昭和30年。
命の恩人であるセンポ・スギハラ ( 杉原千畝 ) に会いたいという。
対応した関満一朗は、そのような外交官は存在しないと、一蹴した。
昭和9年。
彼は、白系ロシア人のイリーナ、マラットらに協力してもらい、ソ連の北満鉄道譲渡交渉に関する諜報活動をしていた。
ソ連が新型の機関車を盗むという情報を得た彼は、関東軍と共に、現場を押さえることにした。
作戦は成功したが、関東軍の指揮官・南川が捕まえたソ連人だけでなく、マラットまで射殺した。
杉原は、辞表を出した。
帰国した杉原は、ソ連から入国を拒否されたため、モスクワの日本大使館赴任が取り消された。

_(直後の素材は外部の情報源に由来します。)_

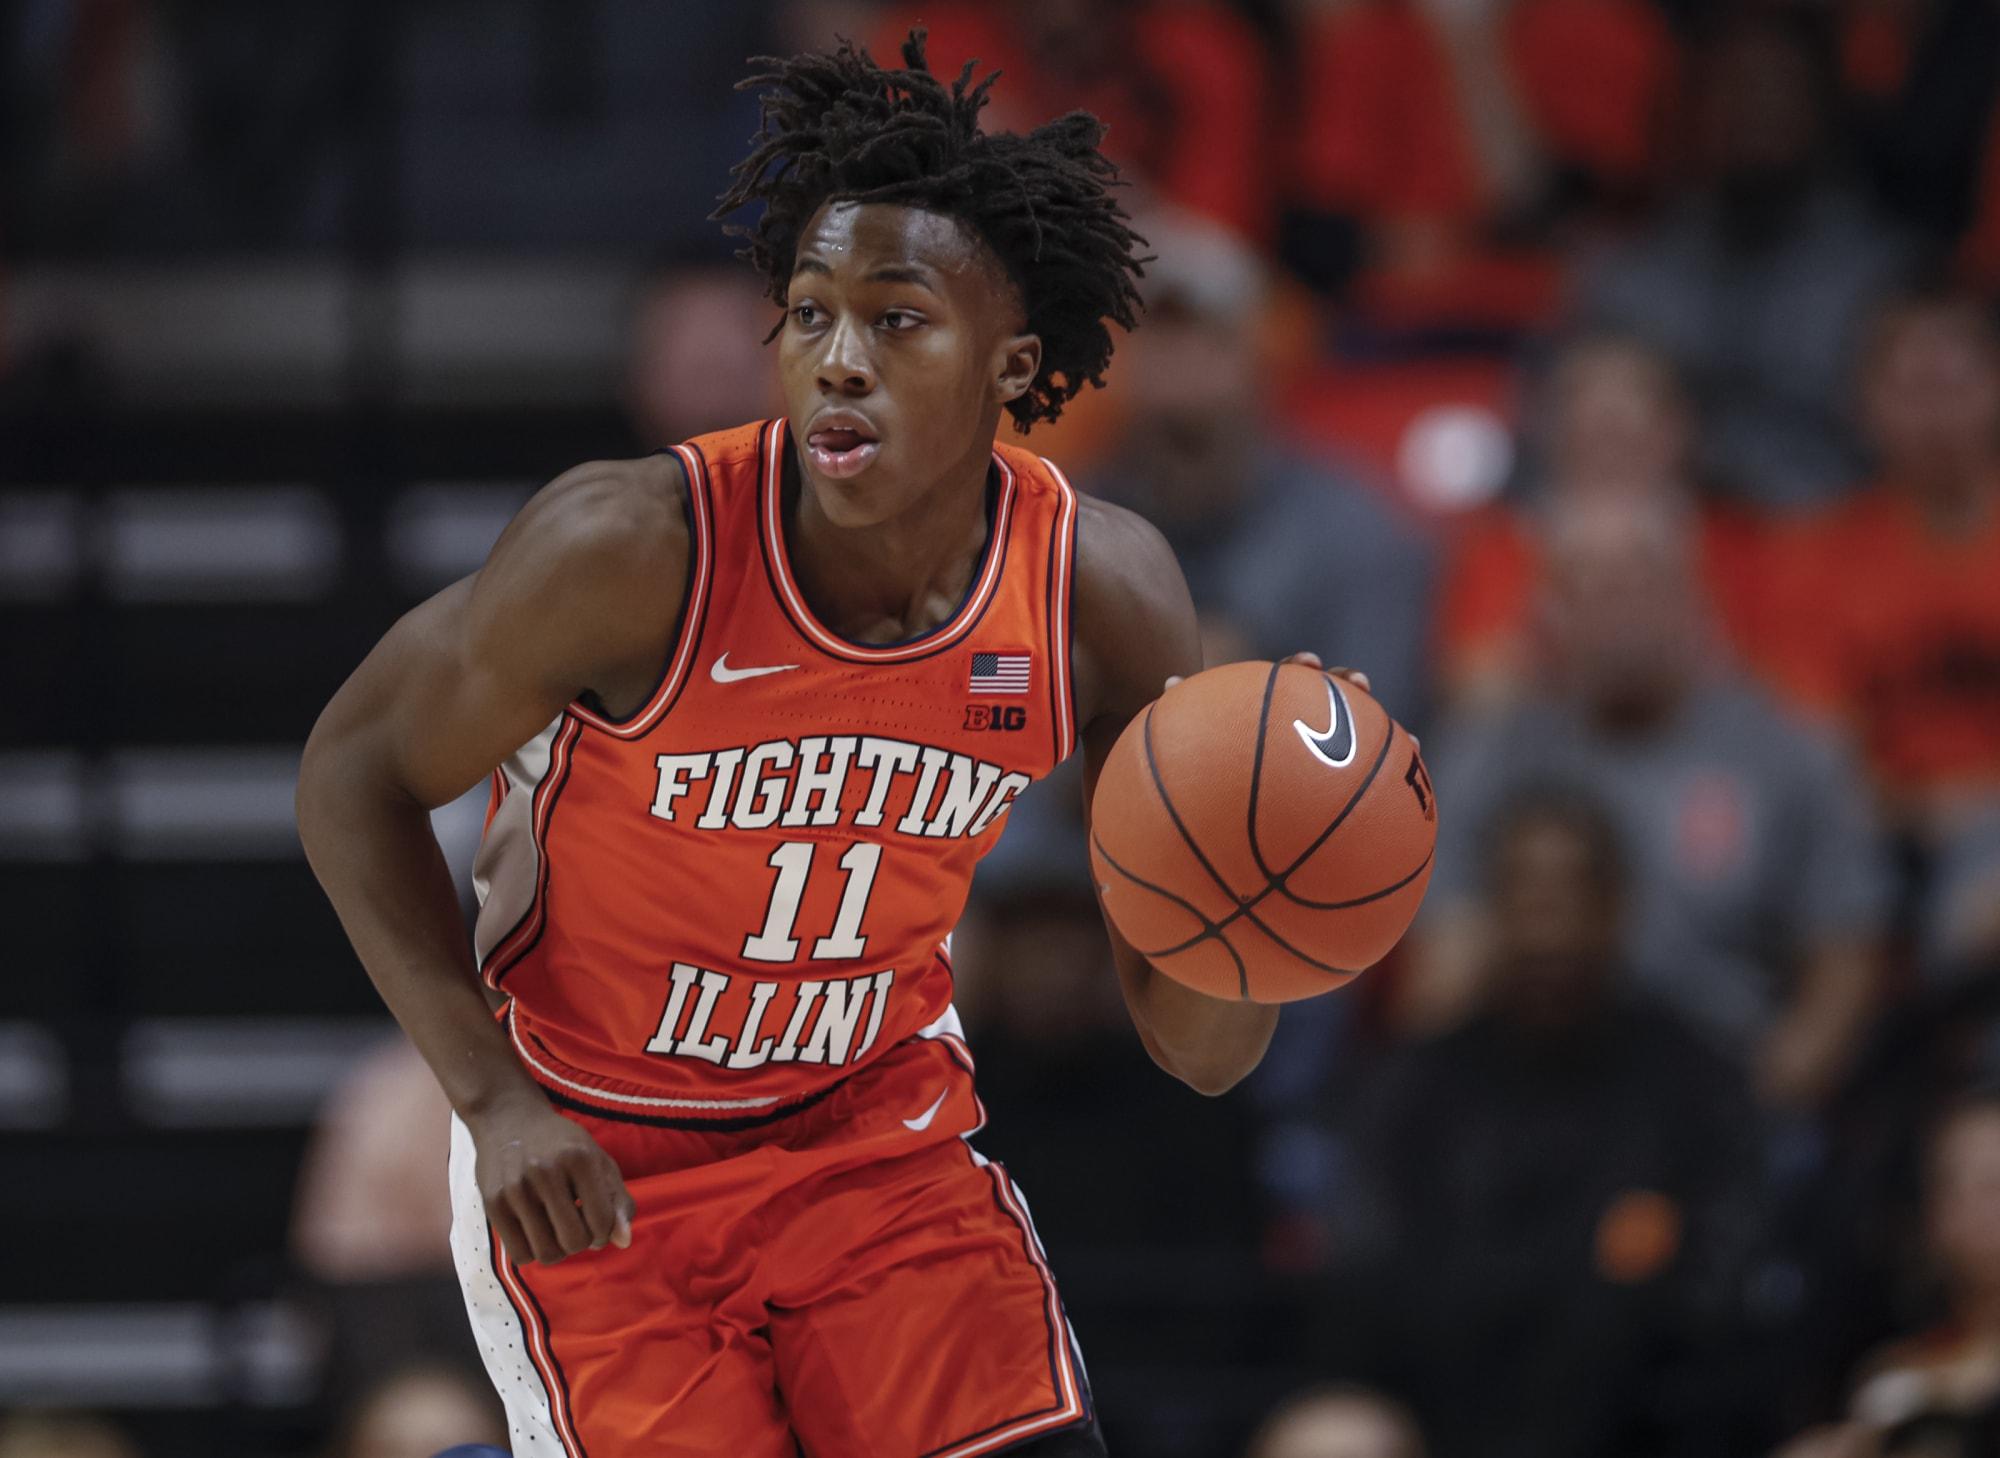 Illinois Basketball: Illini rise rapidly in new ESPN top 25

友人の菊池静男とヤケ酒を飲み、菊池家に泊めてもらった杉原は、菊池の妹・幸子と出会った。
二人は、恋に落ちた。
昭和14年。
リトアニアのカナウスにある日本領事館への赴任が決まった。
そこで、ソ連の動向を探るのだ。
この作品は、実話に基づいている。
唐沢寿明の、感情を抑えた、淡々とした演技がいい。
煉獄瑠火「弱き人を助けることは、強く生まれた者の責務です」の言葉に感動する若者に、受け入れられる作品だろう。
これも、若者に観てもらいたい作品だ。
戦後教育に染まった中年以上の人は、作品の粗探しばかりするかもしれない。